- Data below:
Content starts
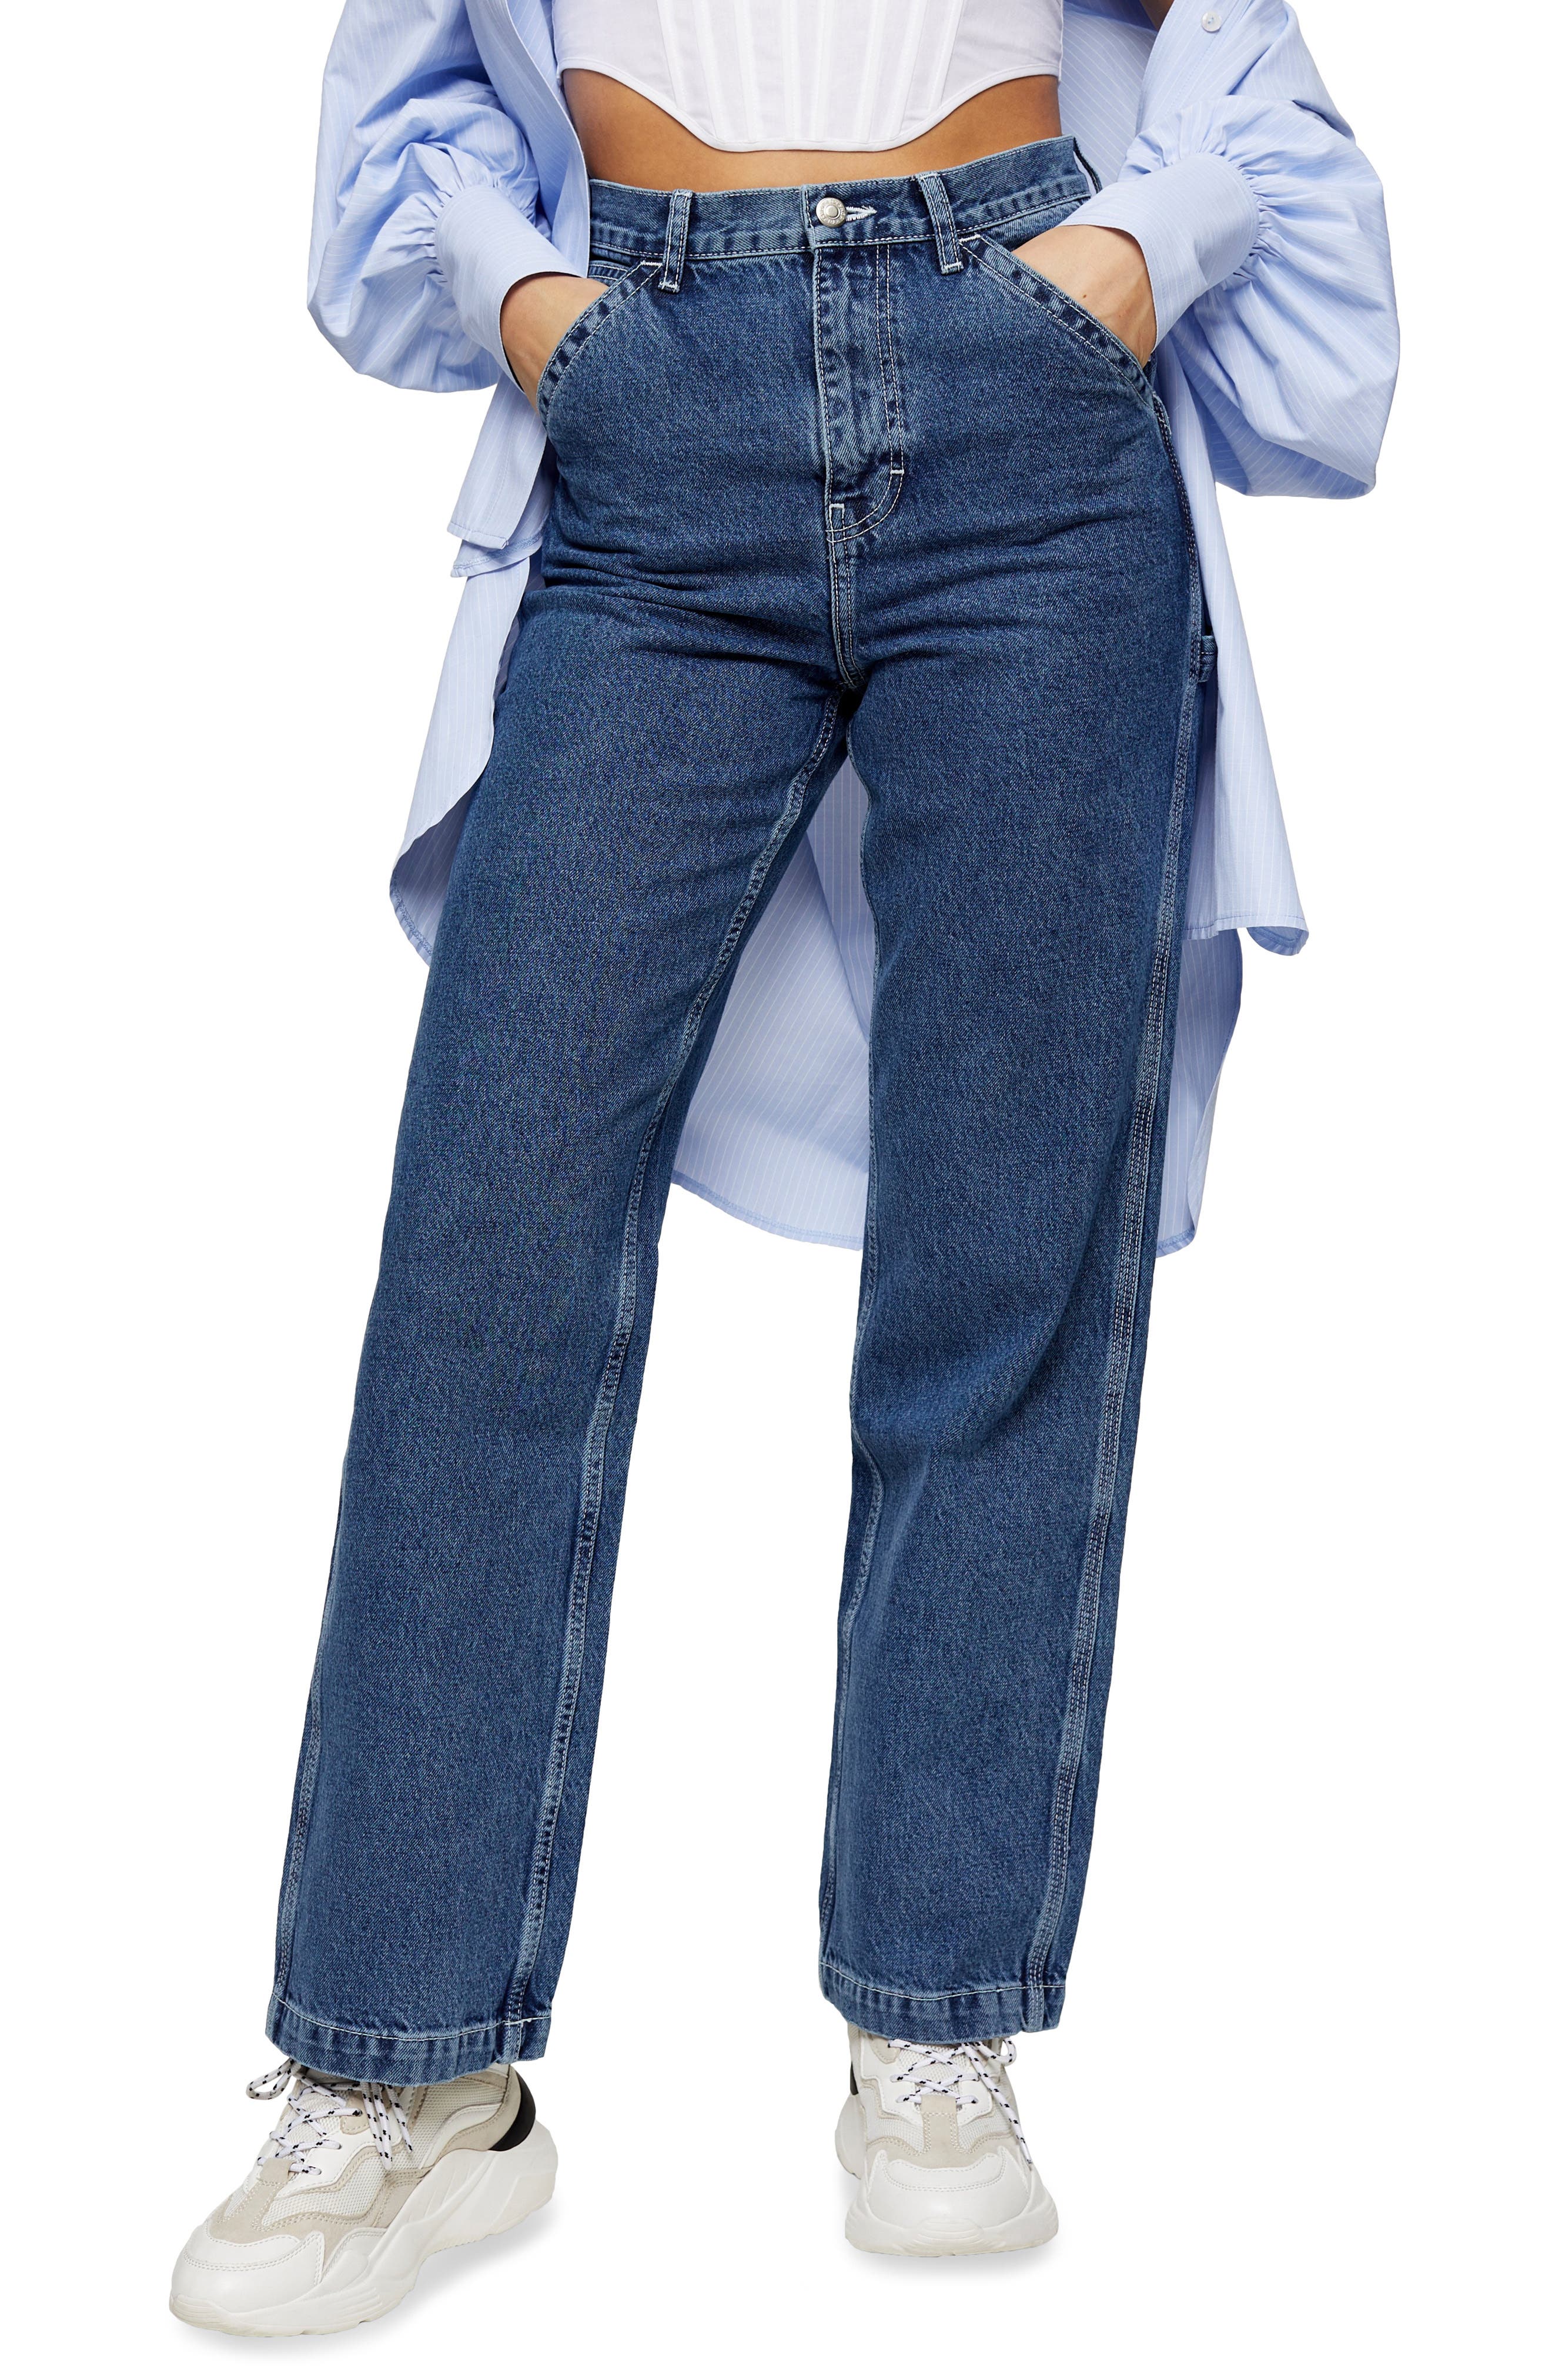 plaid skinny jeans mens
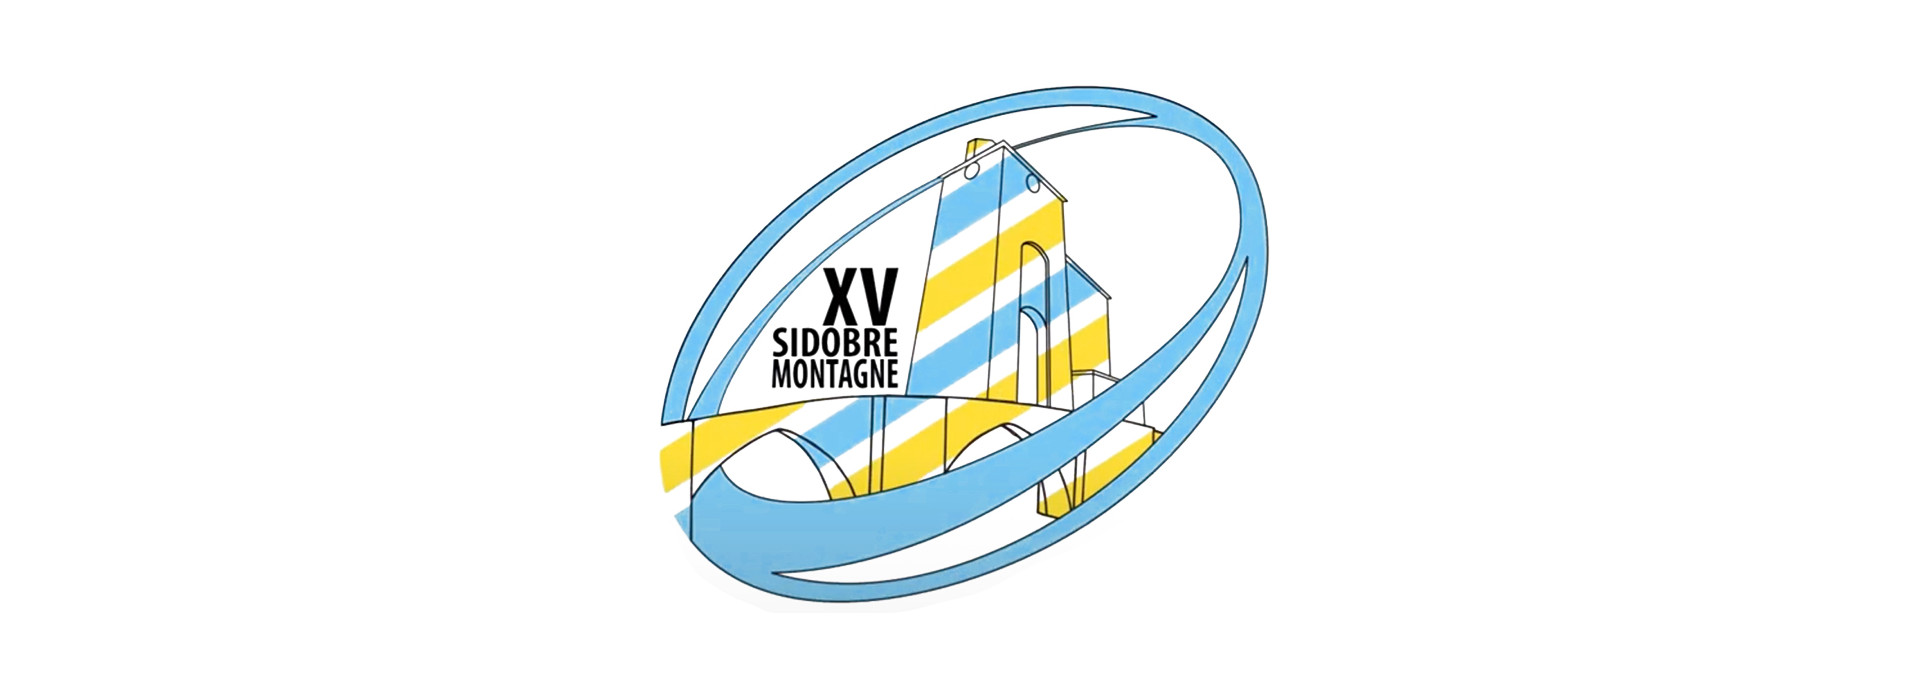 Logo sidobre montagne XV
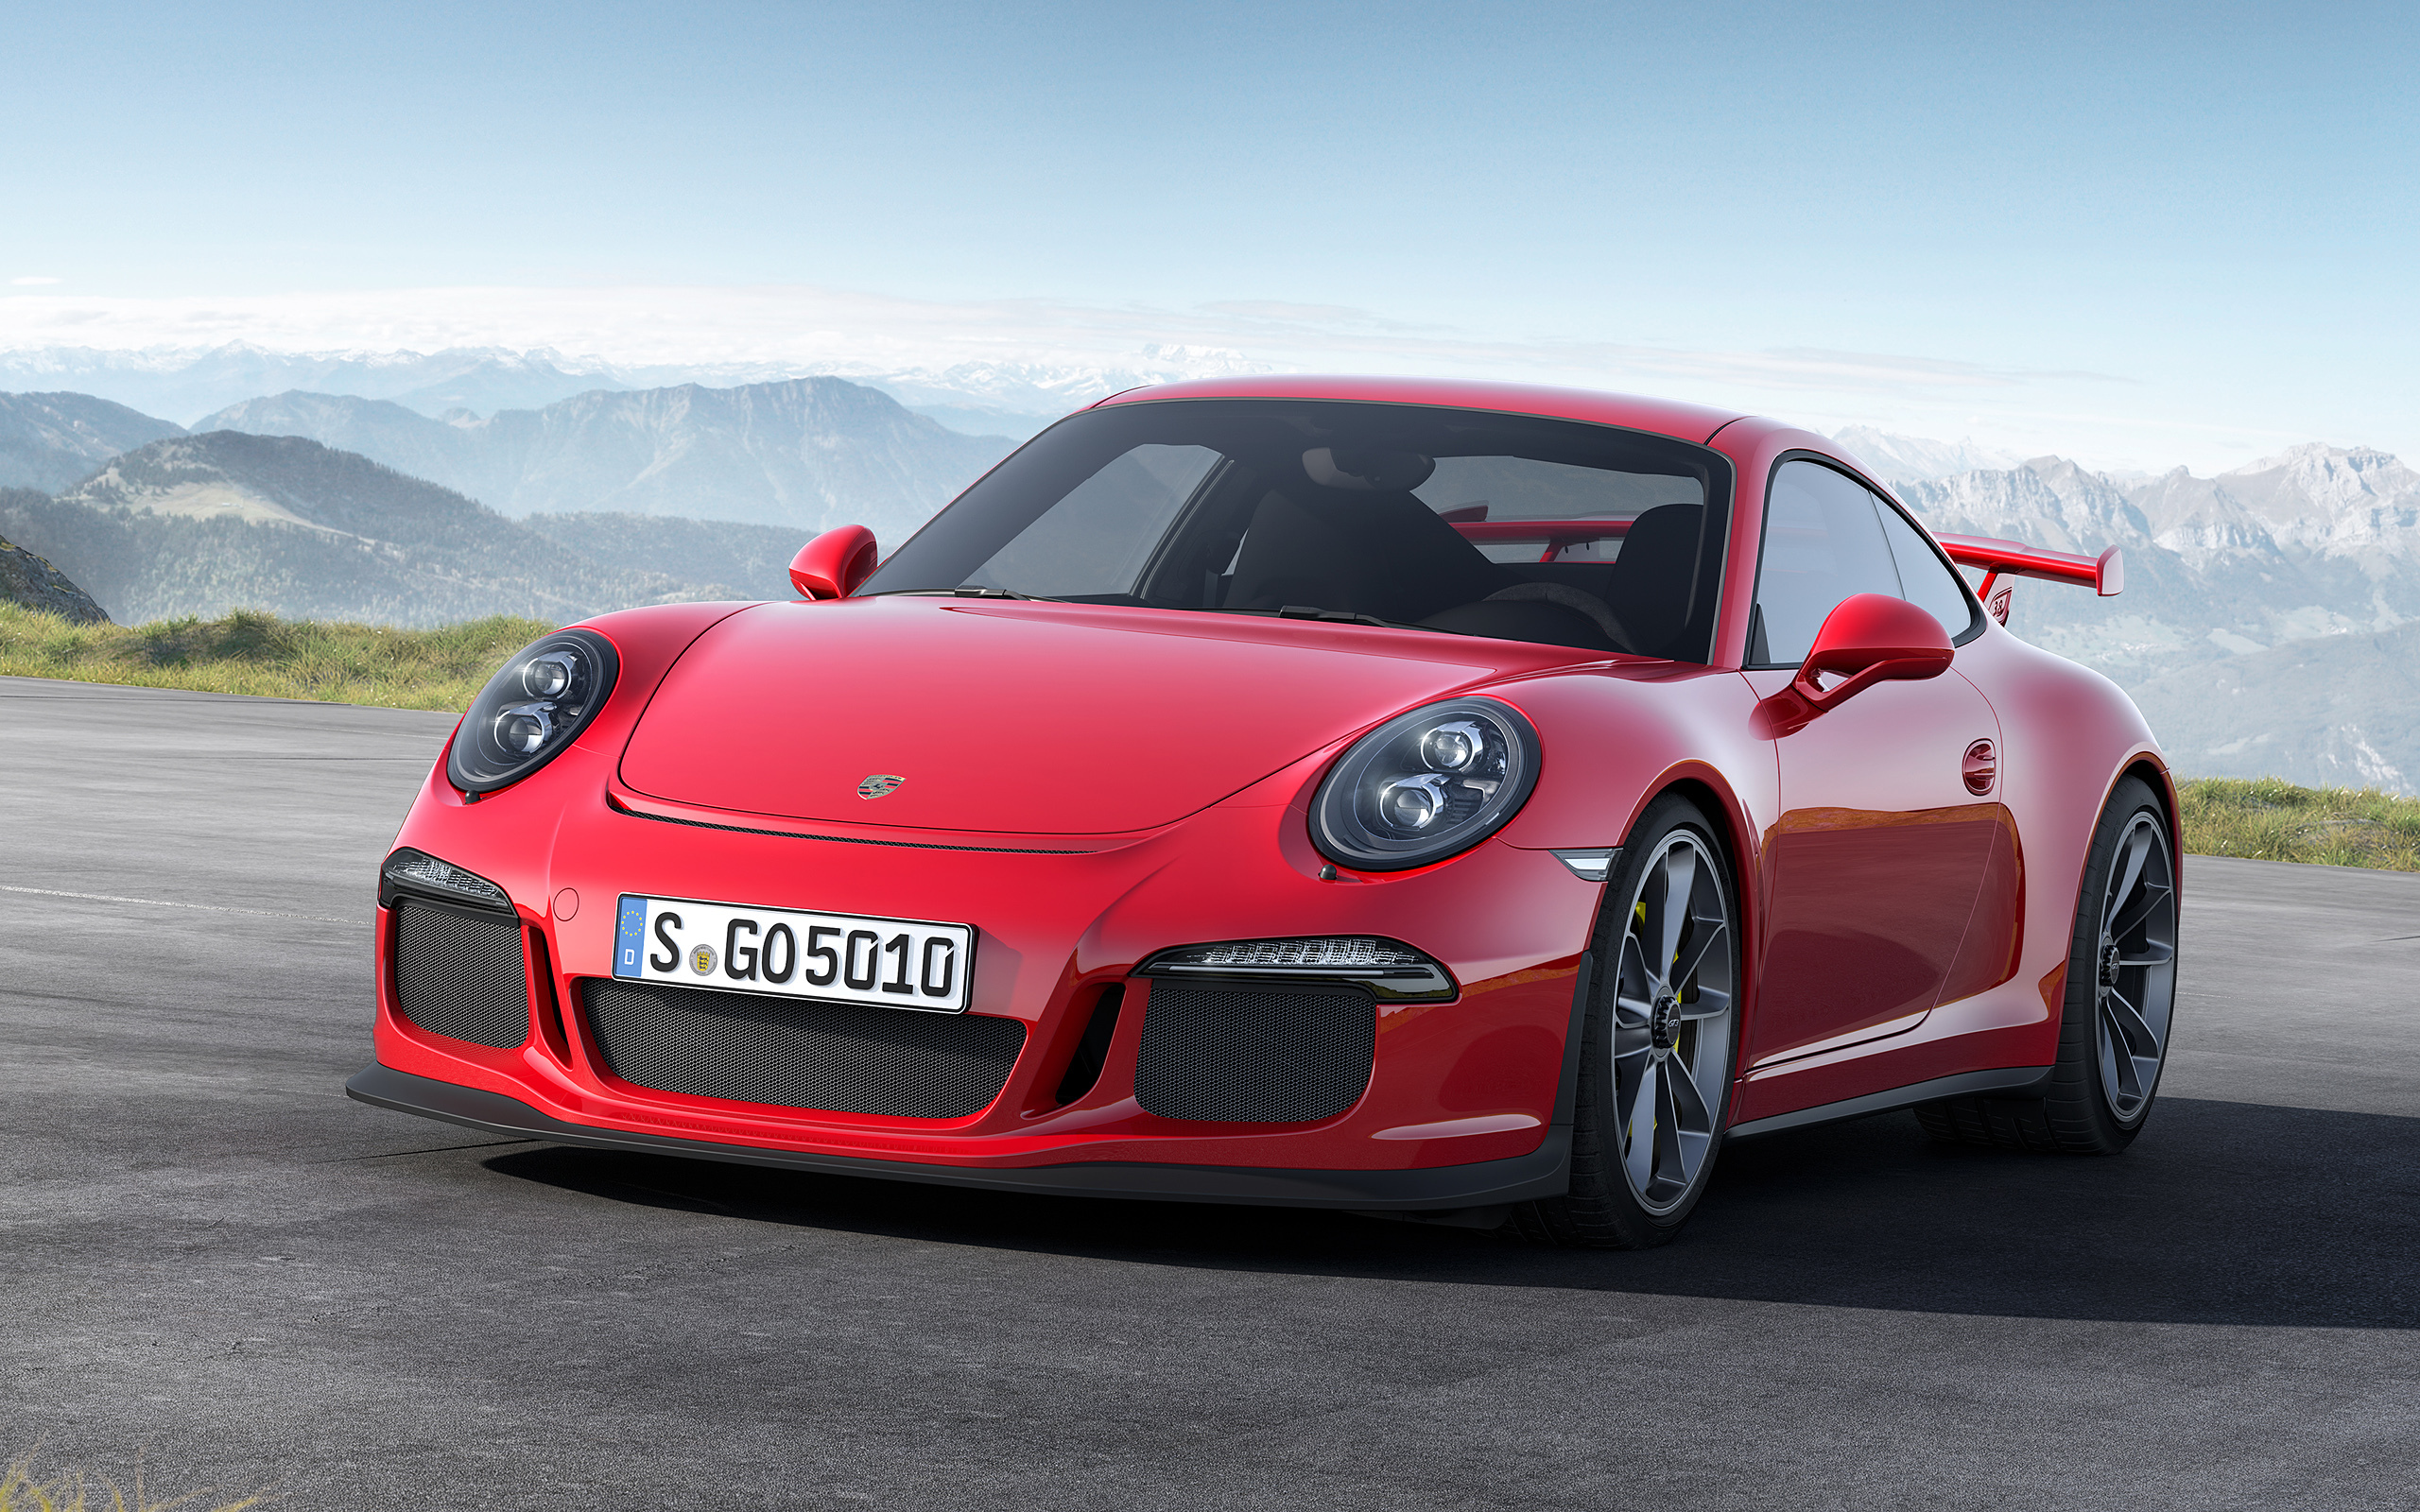   911 Porsche Red   GT3         porsche  2560x1600 -
Content ends
- Your objective:
Transcribe the listing above exactly, leaving every picture out.

- Exercise answer:
 plaid skinny jeans mens
 Logo sidobre montagne XV
   911 Porsche Red   GT3         porsche  2560x1600 -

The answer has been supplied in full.